It's a rainy, dreary Labor Day here in Michigan. I actually love rainy days and we've been treated to an occasional clap of thunder. It's been a bit of a sad weekend too, as one year ago our youngest daughter's very close friend's only sibling, a brother, was killed in a boating accident. He was 15 and he is lovingly missed. He was one of those young people that made an impact on our community in his too-short life. I'm thinking about you RJJ; I hope you are at peace.
This past week several events have taken place that could best be summed up by:
This was meant to be.
Sometimes things happen in life that bring two people together; bonded forever by the simplest of events and sometimes through tragedy. That's happened a lot to me since I've been fighting Hep C - I've met people I never would have met otherwise and I know the bonds are simply meant to be.

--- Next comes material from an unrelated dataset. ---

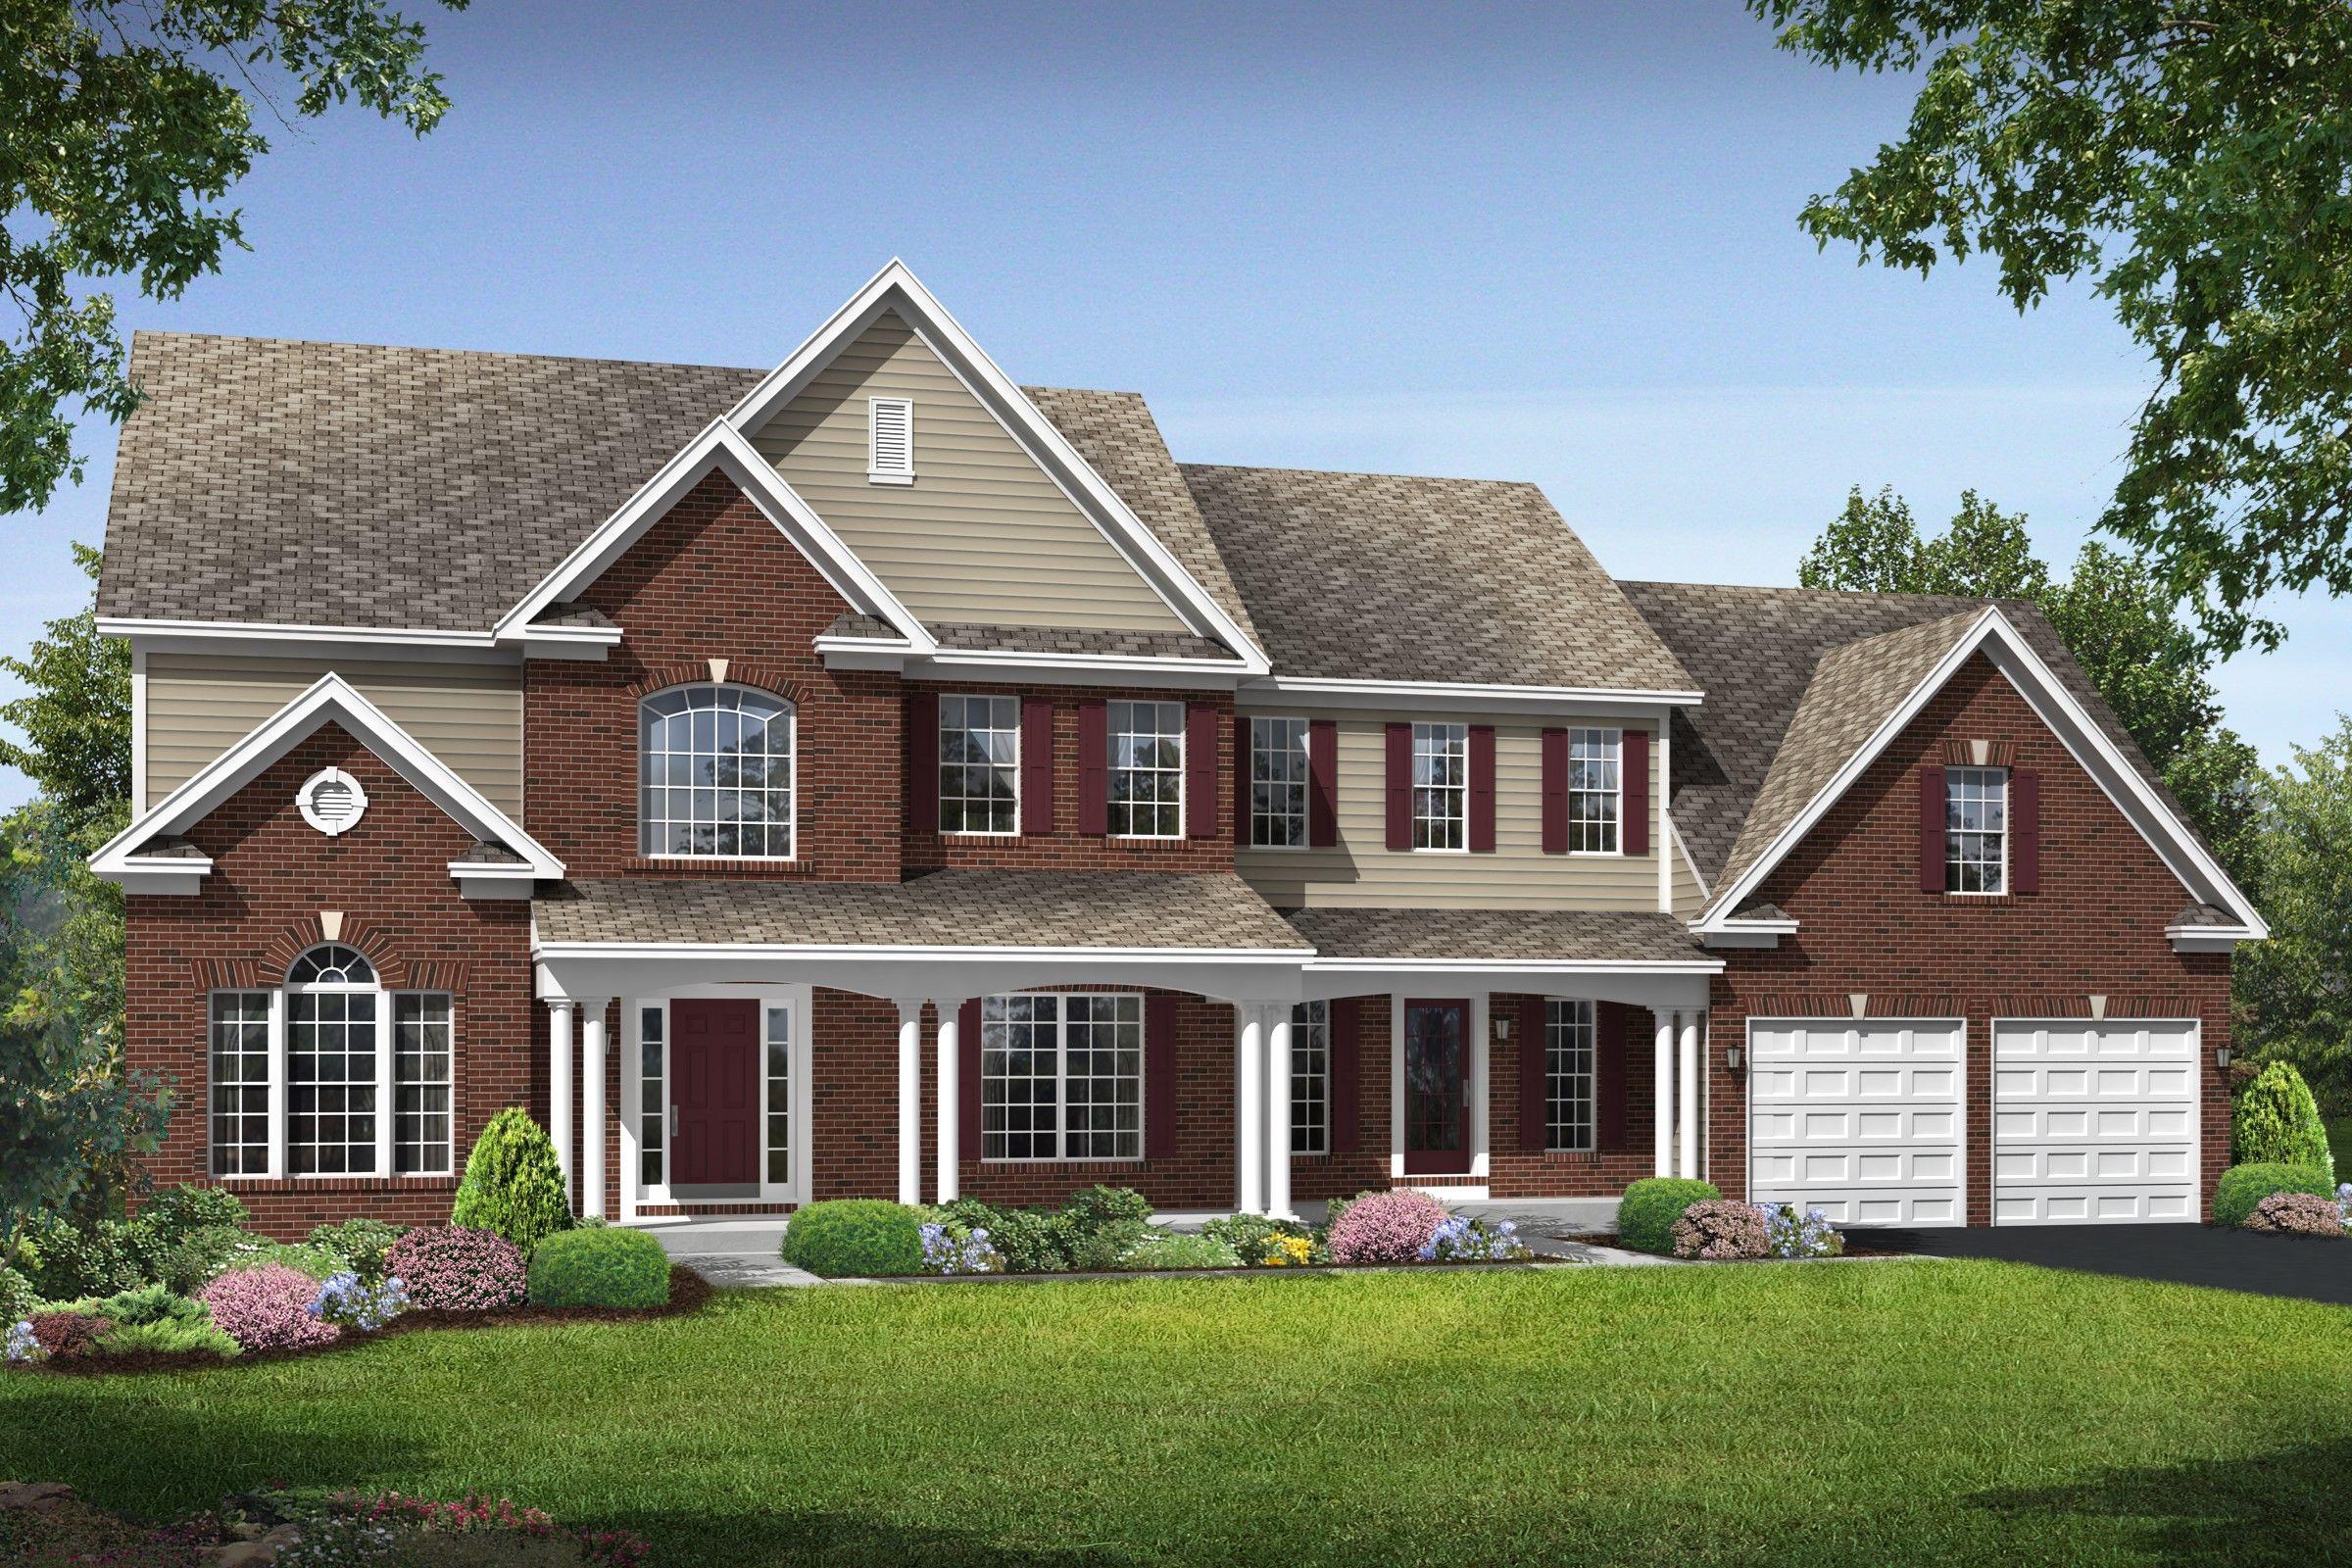 5 Perth Drive, Fredericksburg, VA Homes & Land - Real Estate

I'm about to do one of the most difficult things I've ever done in my life. It's far too personal to share on my blog (I am actually a very private person) but once it is done the consequences are irreversible. I have the support of my husband, family and my dearest friends. This decision has taken a toll on my body as well; I had blood work done last week and my platelet count is the lowest it has ever been - even lower then when I was on chemo. Stress and emotional upheaval certainly affect the body and when you have a chronic illness the link is unmistakable. Again, this decision is one of those things that are meant to be, of that I am certain.
We are leaving for a 3-week vacation to Santa Fe, New Mexico. I am very skilled at putting things behind me once I leave; it's a crucial skill for a nurse who observes horrendous things on a daily basis - you have to walk out of that hospital and shut out all the things you've just seen and go home to normalcy. It sounds much easier than it is but I believe it's a skill that is developed over time and I think I have it pretty well mastered. So I will be drawing upon that skill to enjoy myself with the best man I know for the next few weeks. Until then, Adios and may you have a peaceful September.
And.....may you experience some things that are simply meant to be.